The point is twofold: First, in some instances, the dues might pay for themselves by recouping money you might never have seen otherwise; and second, more generally, even if you're staunchly pro-business and your politics are slightly to the right of Dick Armey's, as a musician, the union can help you and work to protect your interests. Even MacLagan changed his tune, so to speak.
"I've always been totally against unions," he says. "I figure if you're a musician you're supposed to be a free thinker, but I had to join in Los Angeles and found out they were useful."
Moreover, if you apply for money from some of these national organizations, like MusiCares, you're going to have to document your career as a musician in order to be eligible for the funds you seek. Being a union member is one of the best ways of doing that. It provides the proof that you are indeed an employable musician.
Hell, considering the local union's membership includes local music luminaries such as Ian Moore, Junior Brown, Don Walser, Jimmie Vaughan, and Willie Nelson, if nothing else, you can join up so that you claim you belong to the same organization as Willie. Either way, that's worth about $40 itself.
The reality is that musicians have a reputation for taking precautions in case of mishap about as regularly as Steve Earle goes jogging.
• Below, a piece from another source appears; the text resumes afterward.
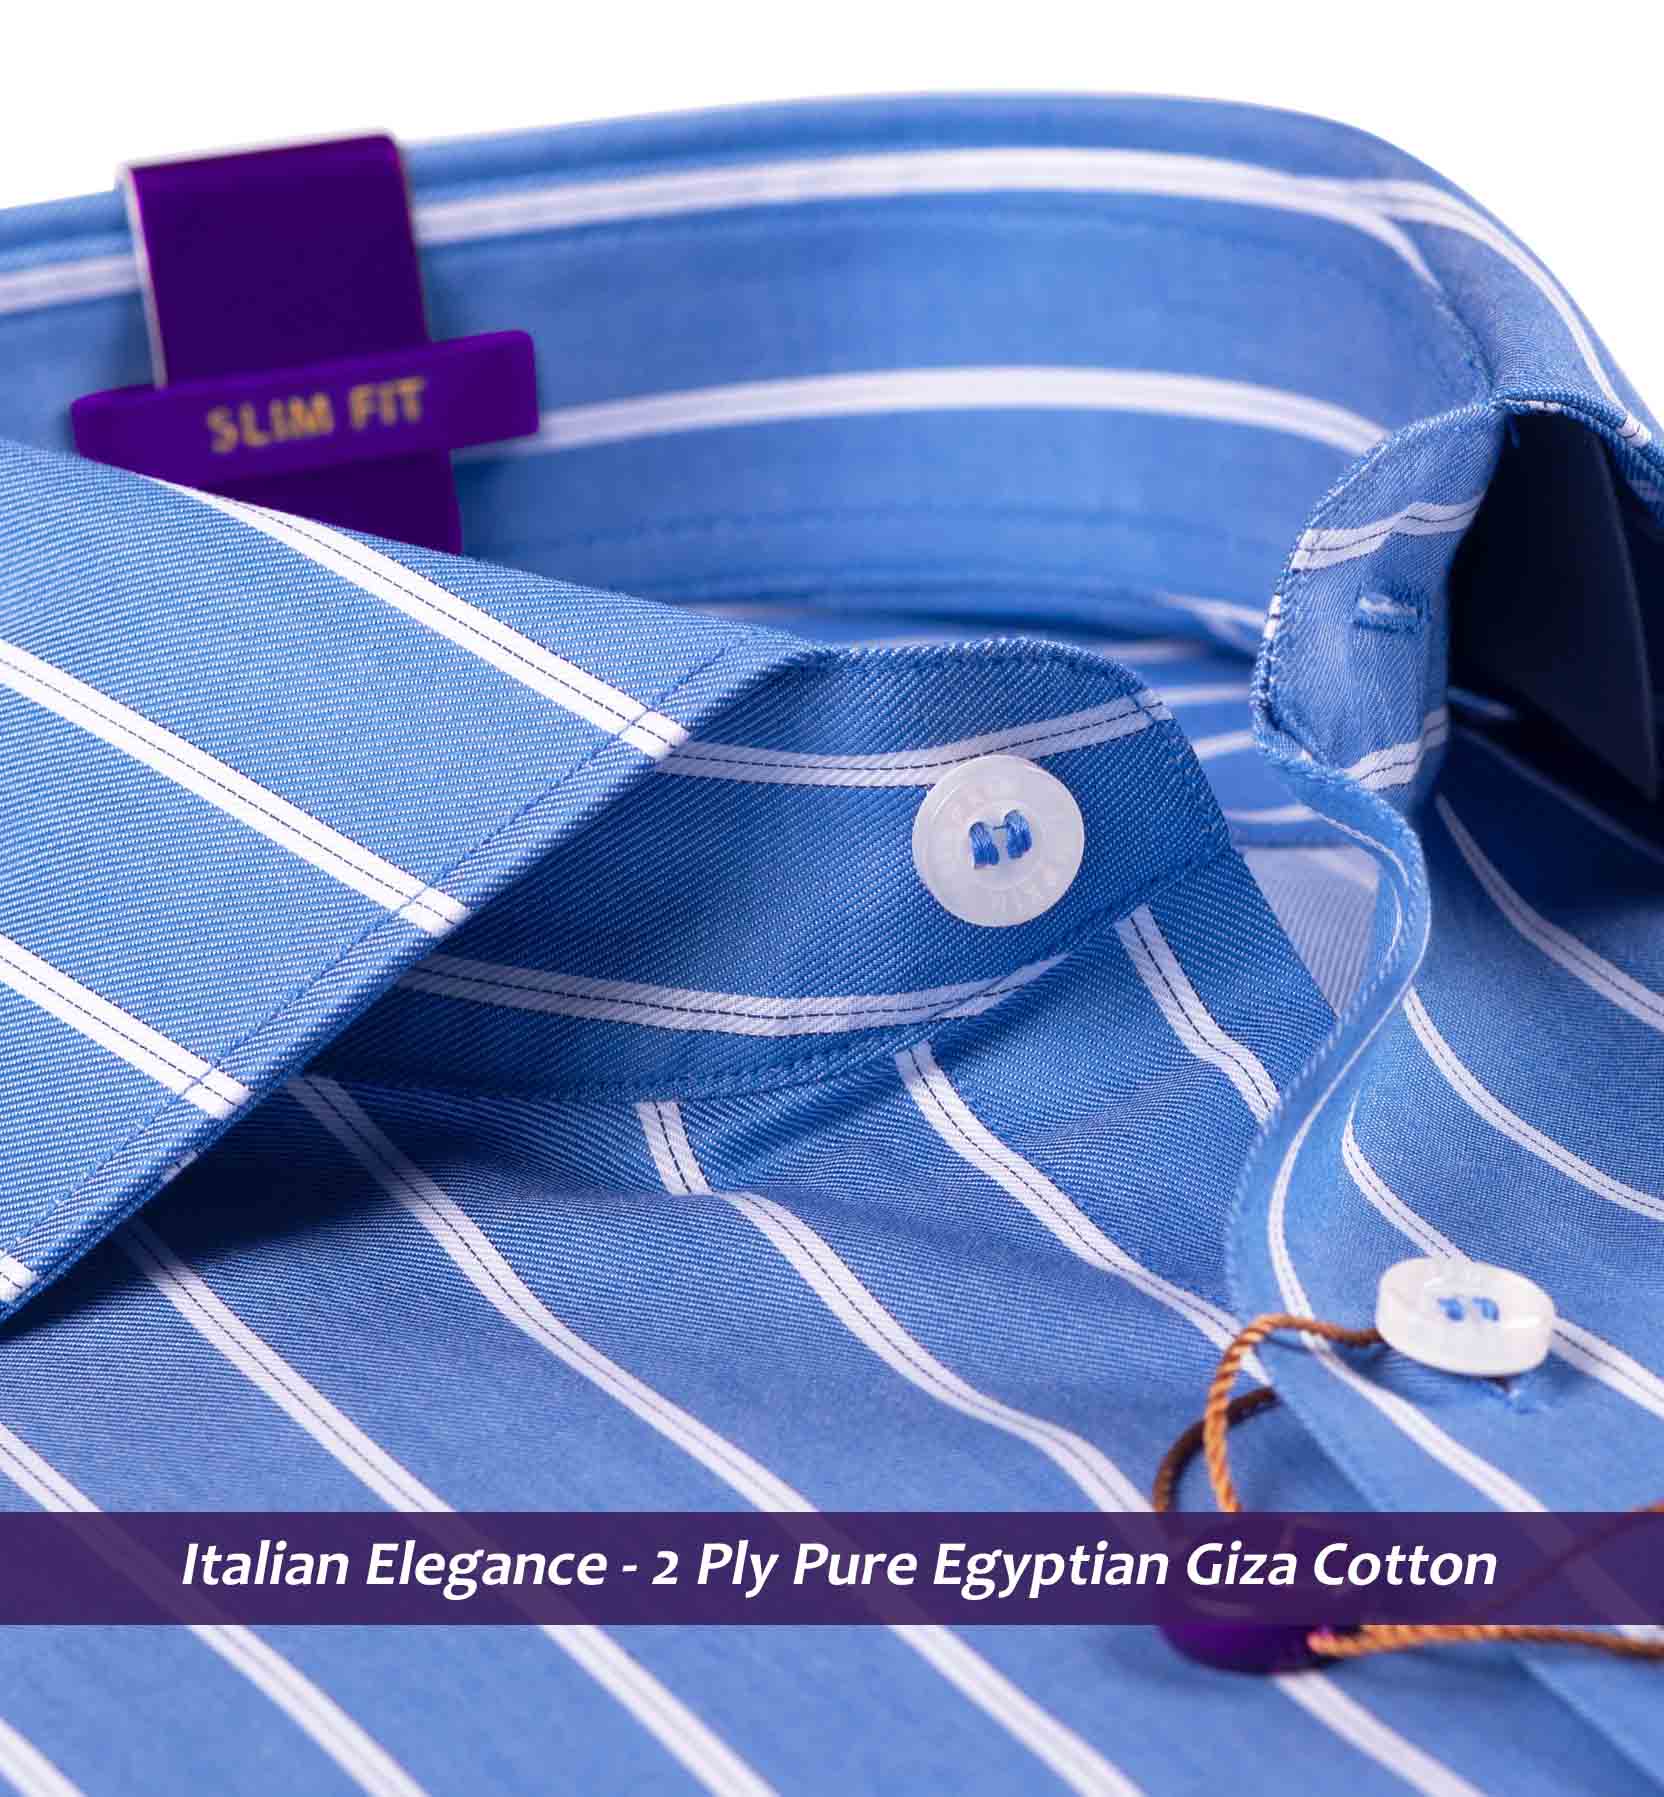 Monet- Cobalt Blue & White Magical Stripe - 2 Ply Pure Egyptian Giza Cotton
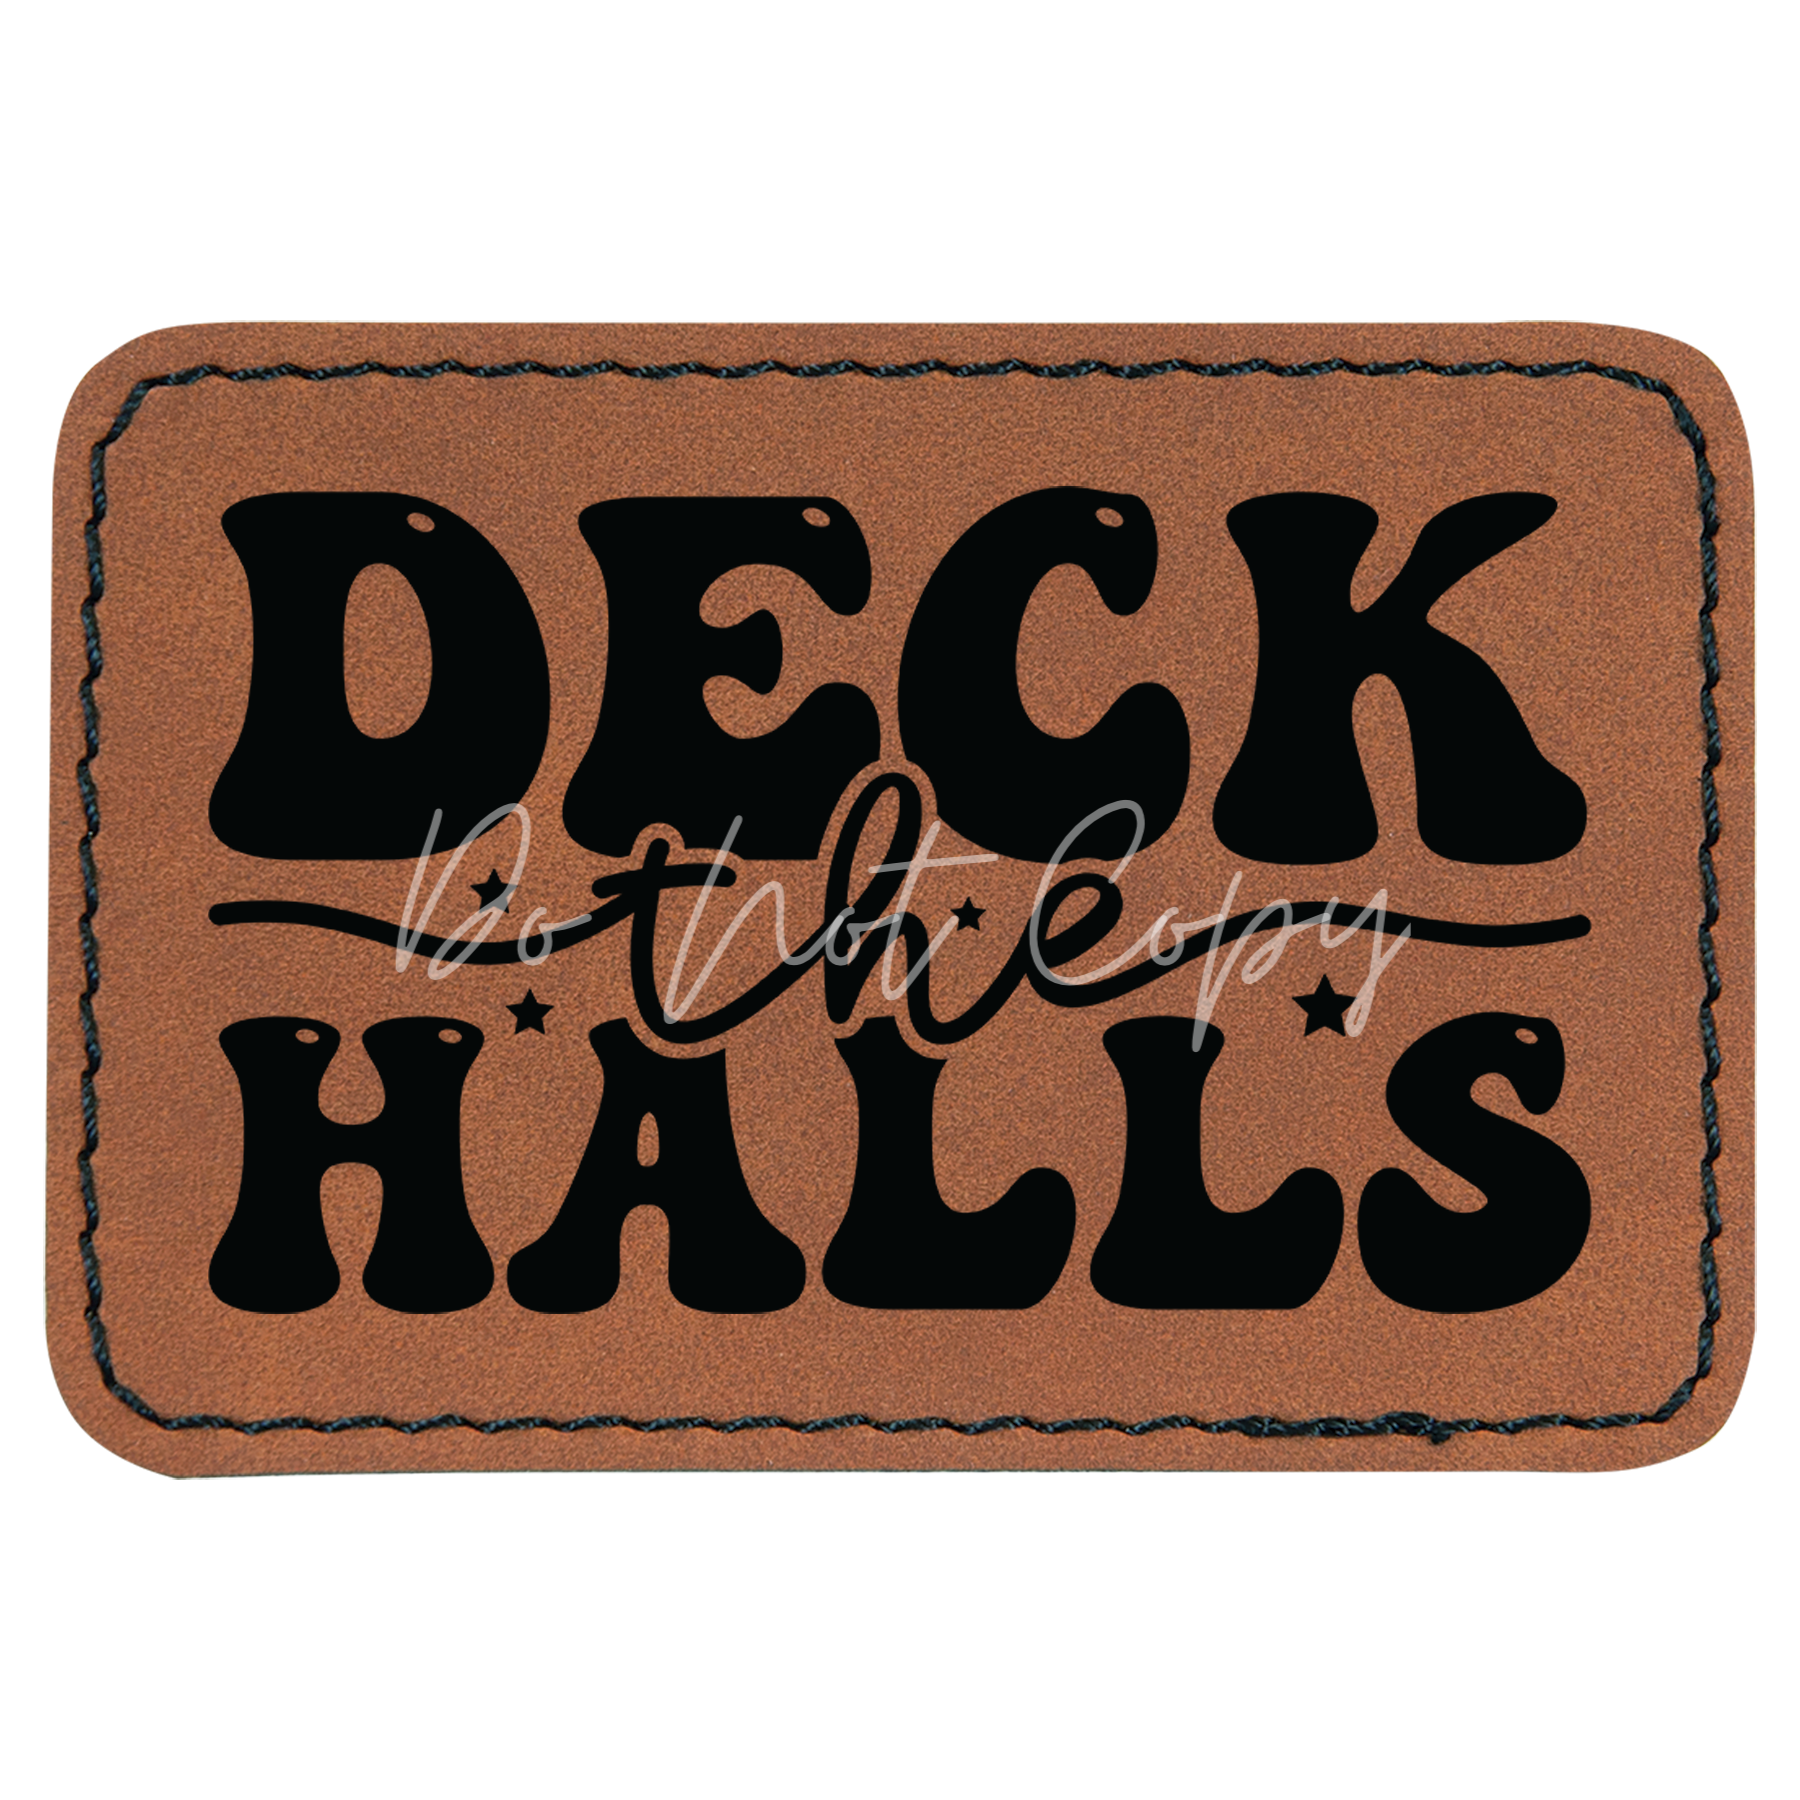 Deck The Halls Patch

And it's somewhat understandable. Even though the union provides health care plans, many musicians in this town aren't signed up. Why not? A lot of folks in the performing arts "industry" make enough money to cover food, shelter, and beer, but when you're living in hand-to-mouthville, the only affordable health insurance option consists of praying that nothing bad happens.
Even if your prayers are occasionally ignored, there are places to go -- SIMS, ALAA, MusiCares, etc. If you're a musician, any musician, and have a problem, any problem, there's probably someone out there with the solution, or even better, maybe some money. It's just a question of finding it. The city's Music Liaison Office is a good place to start. It can provide contacts to get you pointed where you need to go.
On the next public level up, the Office of the Governor maintains the Texas Music Office. That office publishes a ridiculously comprehensive annual directory that lists all of the above folks and scads of other organizations. In fact, if it's in Texas and it involves music in any way, shape, or form -- studios, manufacturers, clubs, merchandisers, record labels, publicists, video producers, booking agents, retailers, photographers, film scorers, you name it -- it's in the directory, which is available through the music office to anybody for a mere $20. What a bargain.
Of course, there is always that "Hey, I'll get all my friends' bands to play a benefit. Lots of people will show up and we'll use the door to pay our medical bills." It sounds fine in theory, until the night of the show, which is a bad time to find out that people never really liked you that much anyway. And even if you're the most popular musician in town, you're probably not going to get by with a little help from your friends alone.